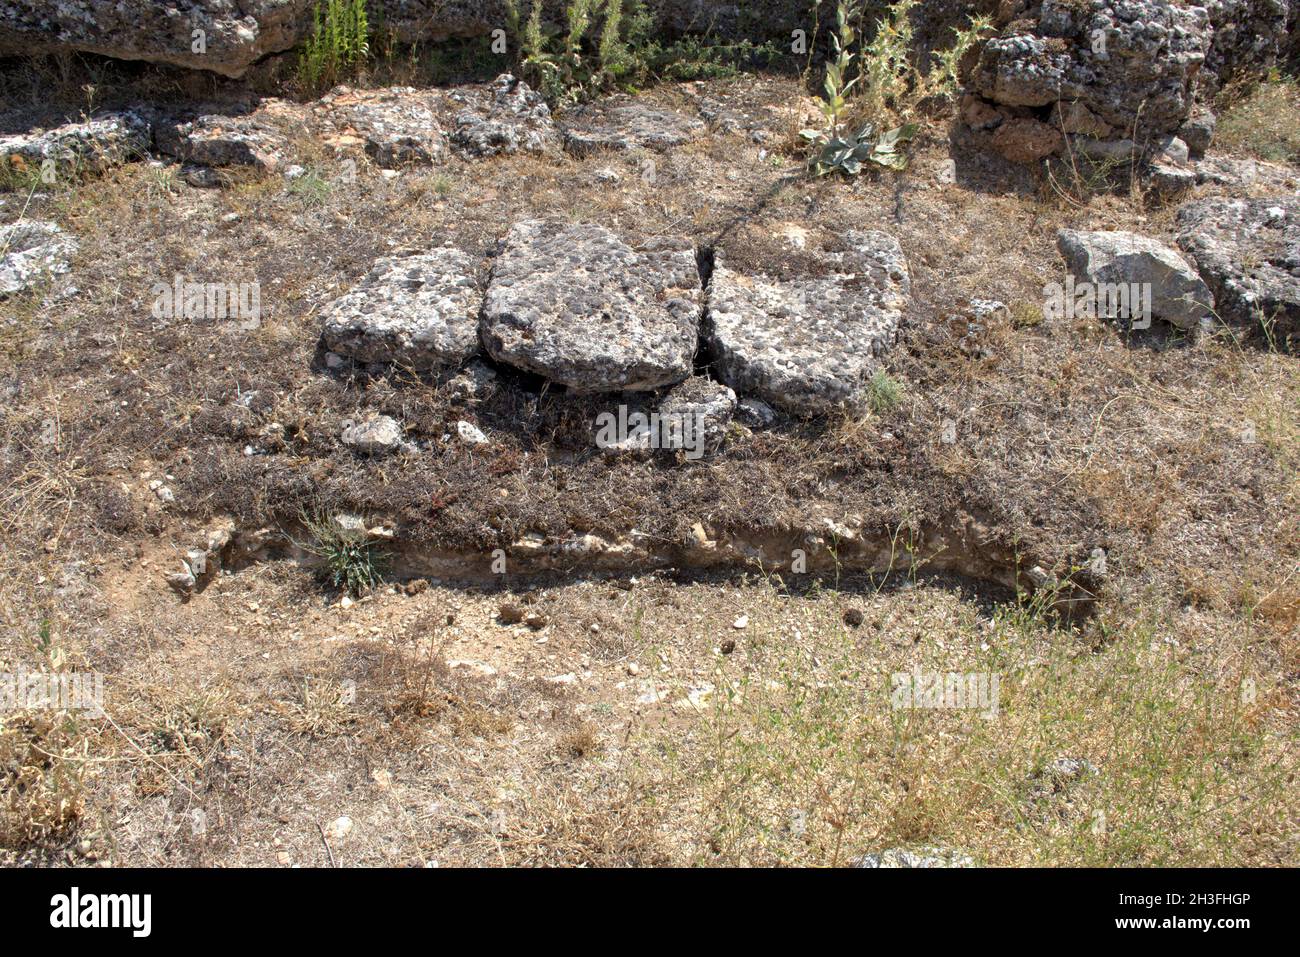 Tumbas antropomorfas excavadas en suelo rocoso, orientadas de este a oeste. Data del siglo 10th, situado en la necrópolis medieval. Foto de stock
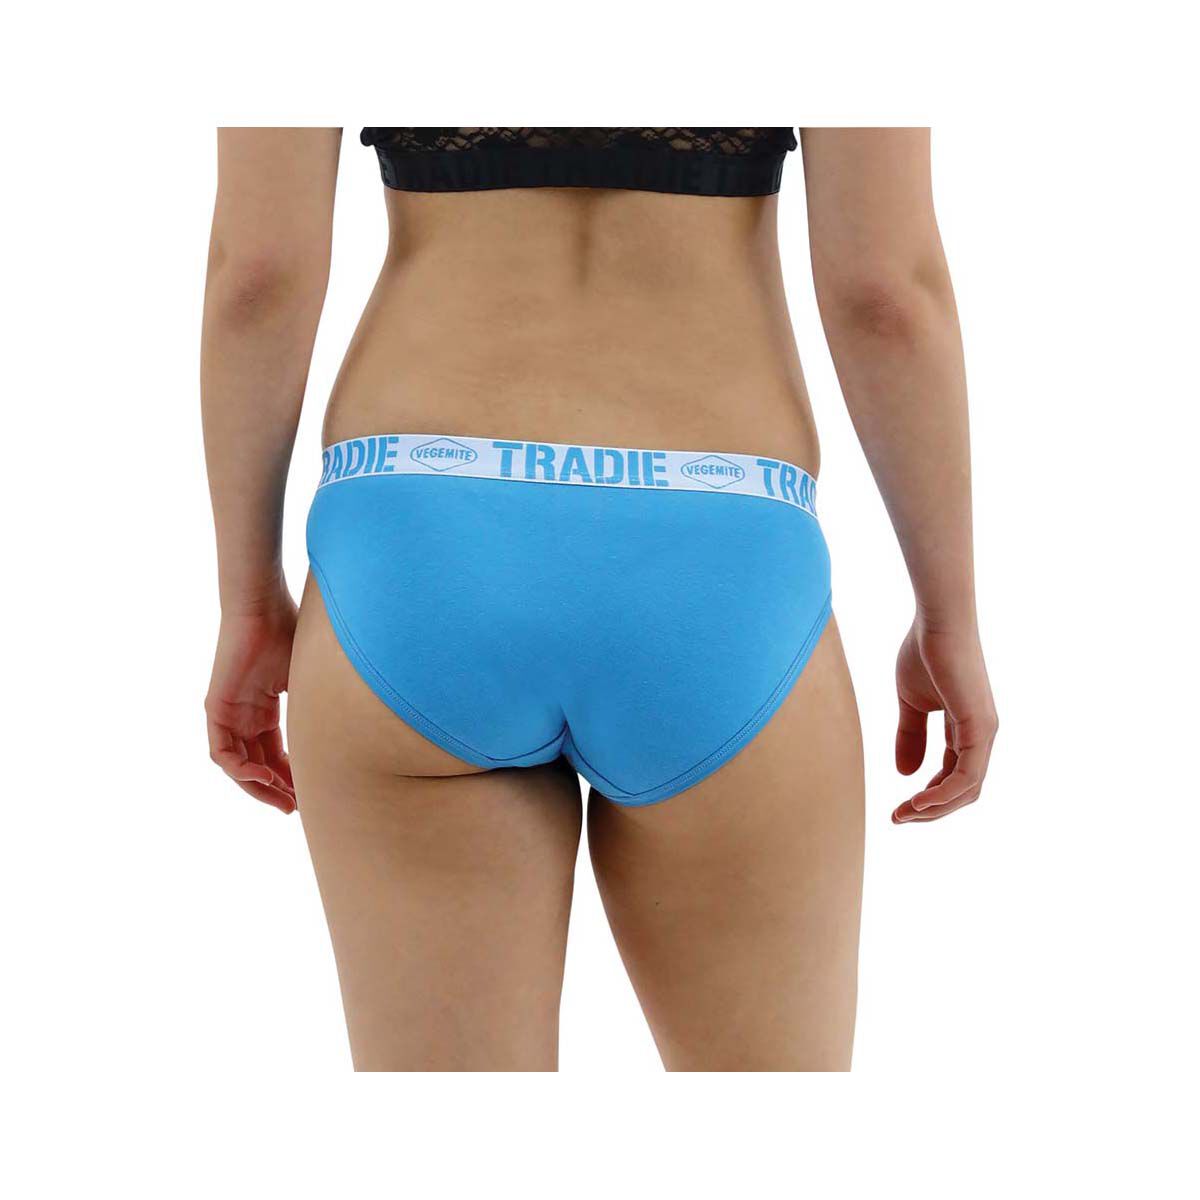 Vegemite Underwear by Tradie from $12 - Best & Less
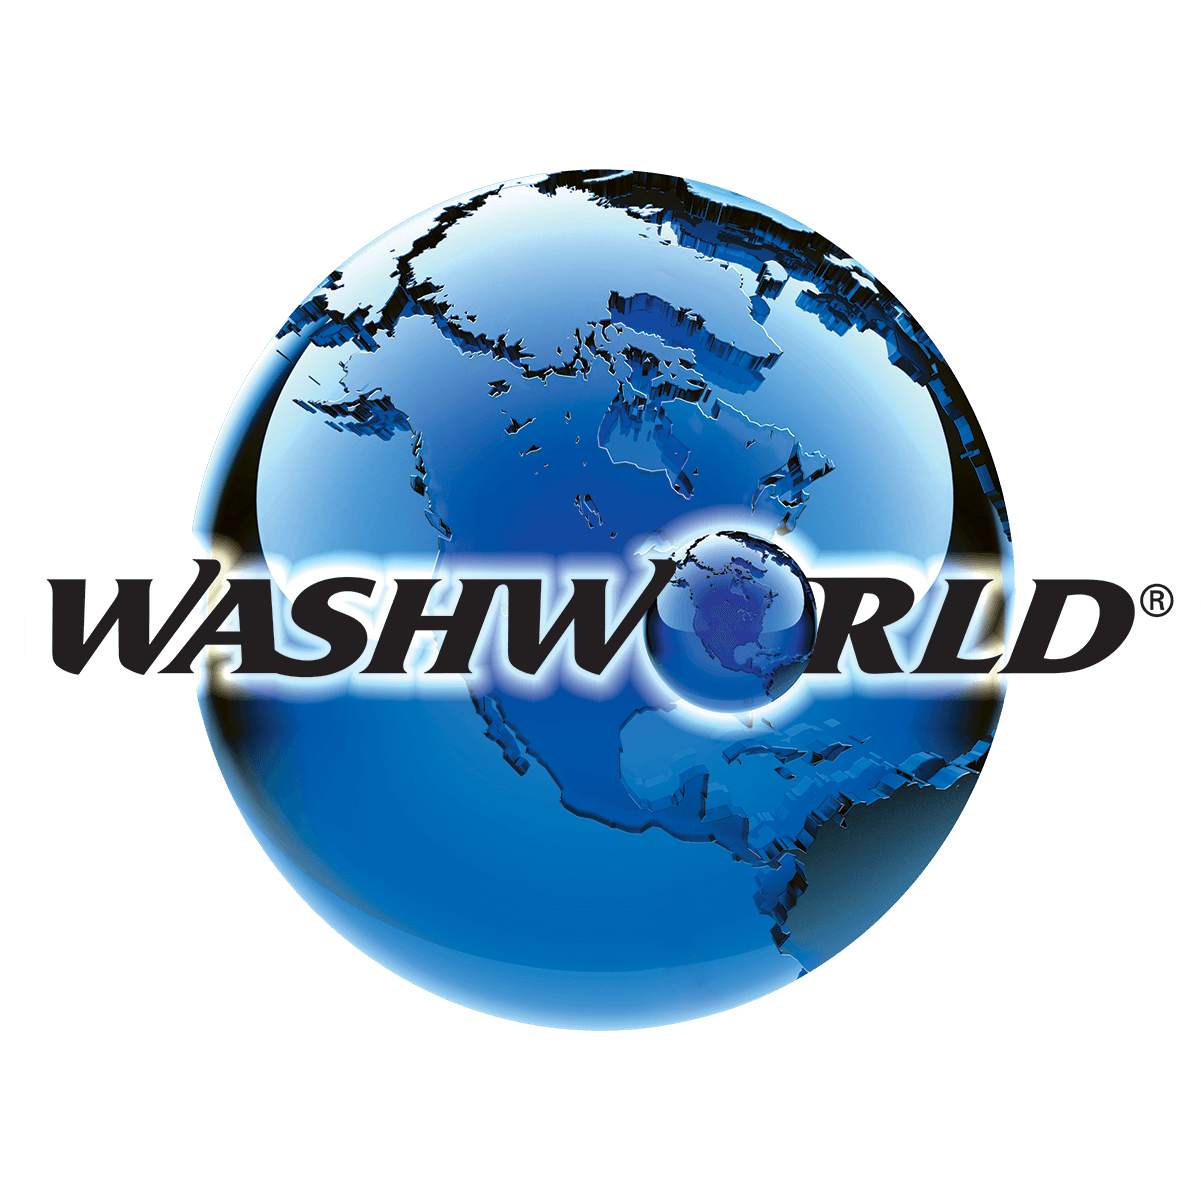 Washworld Car Wash Videos

--------------------------------

EXERCISE » Omit every picture, then repeat the remaining data exactly as it appears above.

WRITTEN ANSWER »
 Tumbas antropomorfas excavadas en suelo rocoso, orientadas de este a oeste. Data del siglo 10th, situado en la necrópolis medieval. Foto de stock
 Vegemite Underwear by Tradie from $12 - Best & Less
 Washworld Car Wash Videos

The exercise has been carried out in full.